The UK Singles Chart is one of many music charts compiled by the Official Charts Company that calculates the best-selling singles of the week in the United Kingdom. Before 2004, the chart was only based on the sales of physical singles. This list shows singles that peaked in the Top 10 of the UK Singles Chart during 1965, as well as singles which peaked in 1964 and 1966 but were in the top 10 in 1965. The entry date is when the single appeared in the top 10 for the first time (week ending, as published by the Official Charts Company, which is six days after the chart is announced).

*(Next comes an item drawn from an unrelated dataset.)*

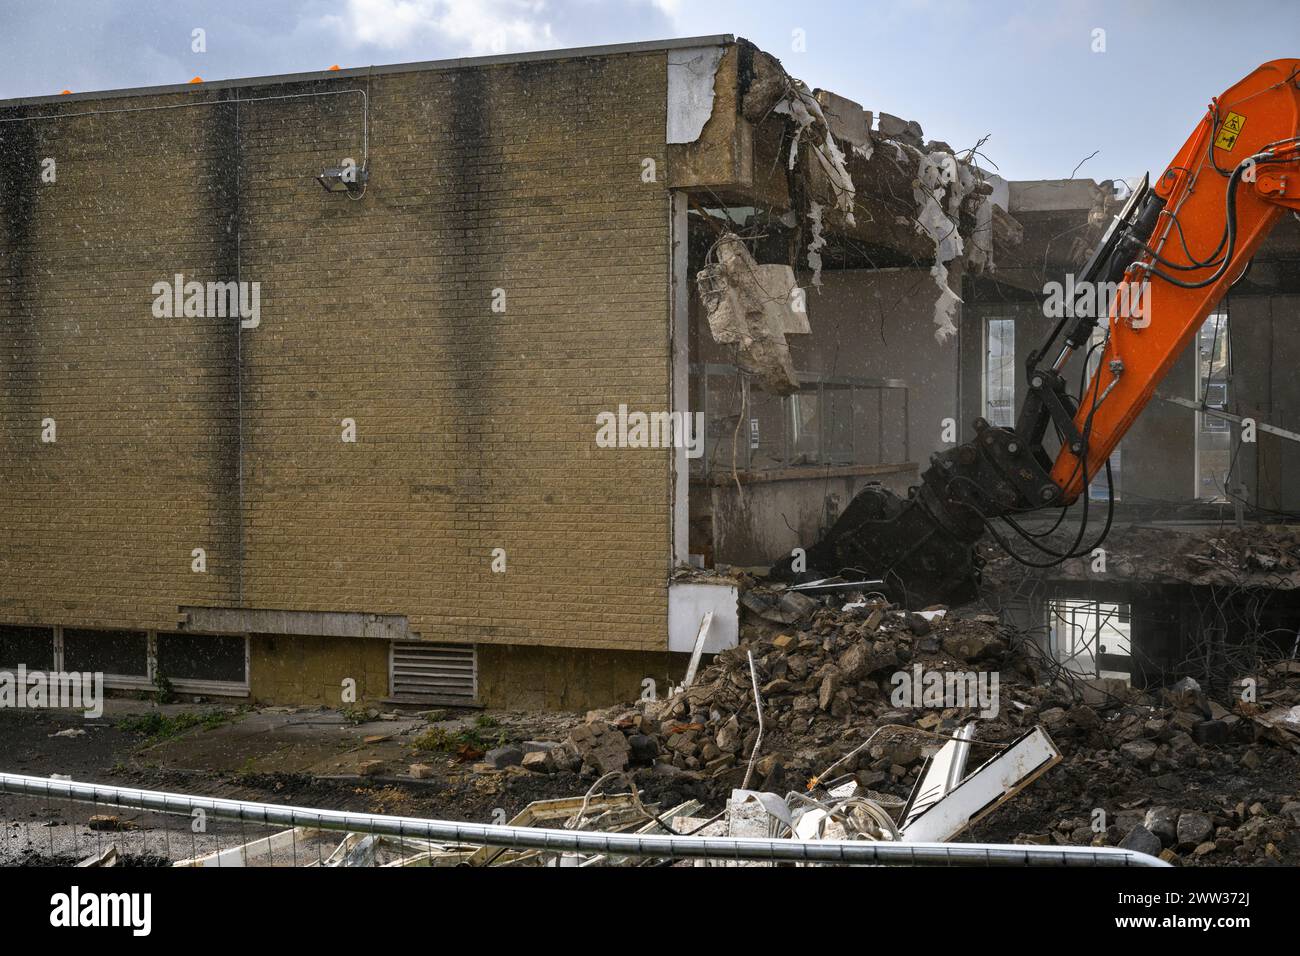 Demolition site (rubble, heavy machinery, building deconstruction, controlled collapse, empty shell) - Baildon library, West Yorkshire, England, UK. Stock Photo

One-hundred and eighteen singles were in the top ten in 1965. Eight singles from 1964 remained in the top 10 for several weeks at the beginning of the year, while "Let's Hang On!" by The Four Seasons featuring Frankie Valli, and "My Ship Is Comin' In" by The Walker Brothers were both released in 1965 but did not reach their peak until 1966. "I Could Easily Fall (In Love with You)" by Cliff Richard and The Shadows, and "Somewhere" by P. J. Proby were the singles from 1964 to reach their peak in 1965. Thirty-one artists scored multiple entries in the top 10 in 1965. Bob Dylan, The Seekers, Sonny & Cher, Tom Jones and The Who were among the many artists who achieved their first UK charting top 10 single in 1965.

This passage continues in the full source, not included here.